SECTION 6.1 Registered Office. The location of the initial registered office of the Corporation in the State of Nevada is the address of the initial resident agent of the Corporation, as set forth in the original Articles of Incorporation.

 

SECTION 6.2 Records. The Corporation shall maintain at its principal office or with its custodian of records whose name and street address are available at the Corporation’s registered office a copy, certified by the Secretary of State of the State of Nevada, of its Articles of Incorporation, and all amendments thereto, and a copy, certified by the Secretary of the Corporation, of these Bylaws, and all amendments thereto. The Corporation shall also keep at its principal office or with its custodian of records whose name and street address are available at the Corporation’s registered office a stock ledger or a duplicate stock ledger, revised annually, containing the names, alphabetically arranged, of all persons who are stockholders of the Corporation, showing their places of residence, if known, and the number of shares held by them respectively or a statement setting out the name of the custodian of the stock ledger or duplicate stock ledger, and the present and complete post office address, including street and number, if any, where such stock ledger or duplicate stock ledger is kept.

 

SECTION 6.3 Corporate Seal.

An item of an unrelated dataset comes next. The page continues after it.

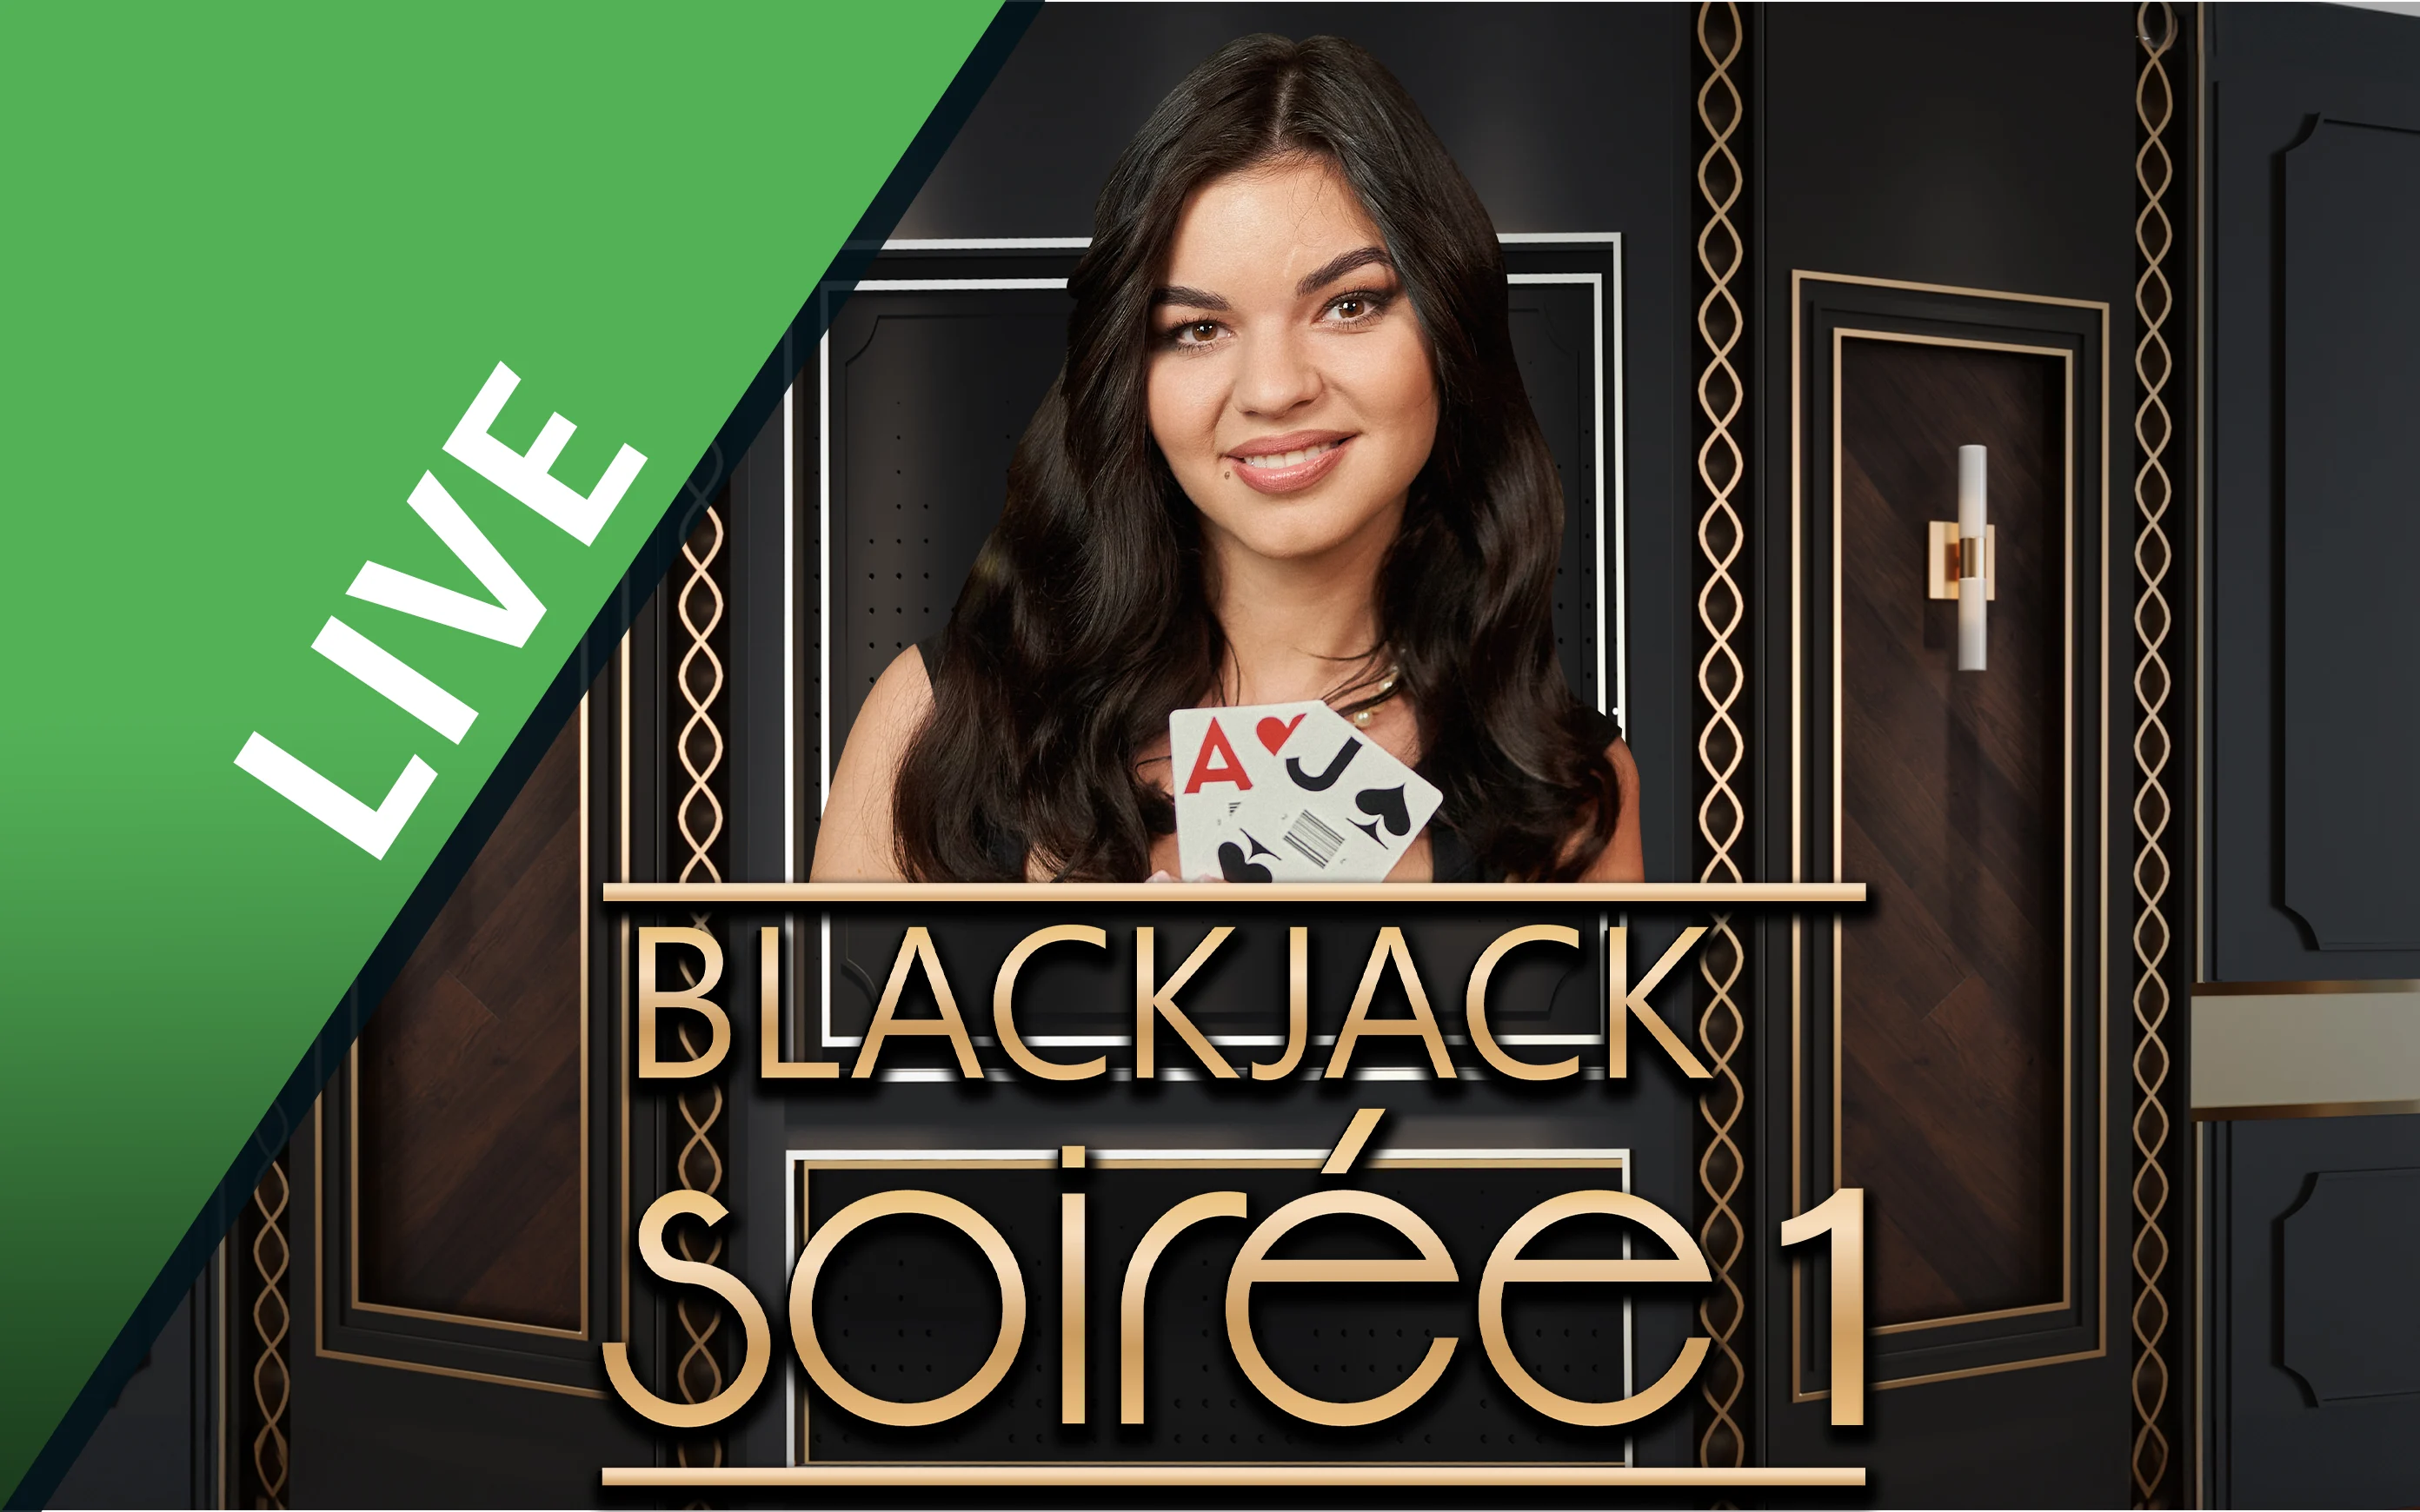 Jouer à Blackjack Soirée 1 sur le casino en ligne Starcasino.be

The corporate seal or stamp shall be in such form as the Board of Directors may prescribe.

 

SECTION 6.4 Fiscal Year. The fiscal year of the Corporation shall be fixed, and shall be subject to change, by the Board of Directors.

 

SECTION 6.5 Exclusive Forum. To the fullest extent permitted by law, and unless the Corporation, pursuant to a resolution adopted by a majority of the Board of Directors, consents in writing to the selection of an alternative forum, the appropriate state and federal courts located within Clark County, Nevada, shall be the sole and exclusive forum for (a) any derivative action or proceeding brought in the name or right of the Corporation or on its behalf, (b) any action asserting a claim for breach of any fiduciary duty owed by any director, officer, employee or agent of the Corporation to the Corporation or the Corporation’s stockholders, (c) any action arising or asserting a claim arising pursuant to any provision of the Nevada Revised Statutes or any provision of the Articles of Incorporation or these Bylaws, or (d) any action asserting a claim governed by the internal affairs doctrine, in each such case subject to such court having personal jurisdiction over the indispensable parties named as defendants therein. Any person or entity purchasing or otherwise acquiring any interest in shares of capital stock of the Corporation shall be deemed to have notice of and consented to the provisions of this Section 6.5.

 

SECTION 6.6 Amendment. Except as otherwise provided in the Articles of Incorporation: (a) the Board of Directors is expressly authorized (in furtherance and not in limitation of the powers conferred by statute) to amend, repeal or rescind any provision of these Bylaws or to adopt new bylaws; and (b) the affirmative vote of the holders of at least a majority of the outstanding voting power of the Corporation entitled to vote thereon, voting together as a single class, shall be required in order for the stockholders of the Corporation to amend, repeal or rescind, in whole or in part, any provision of these Bylaws (including, without limitation, this Section 6.6) or to adopt any new provision of these Bylaws.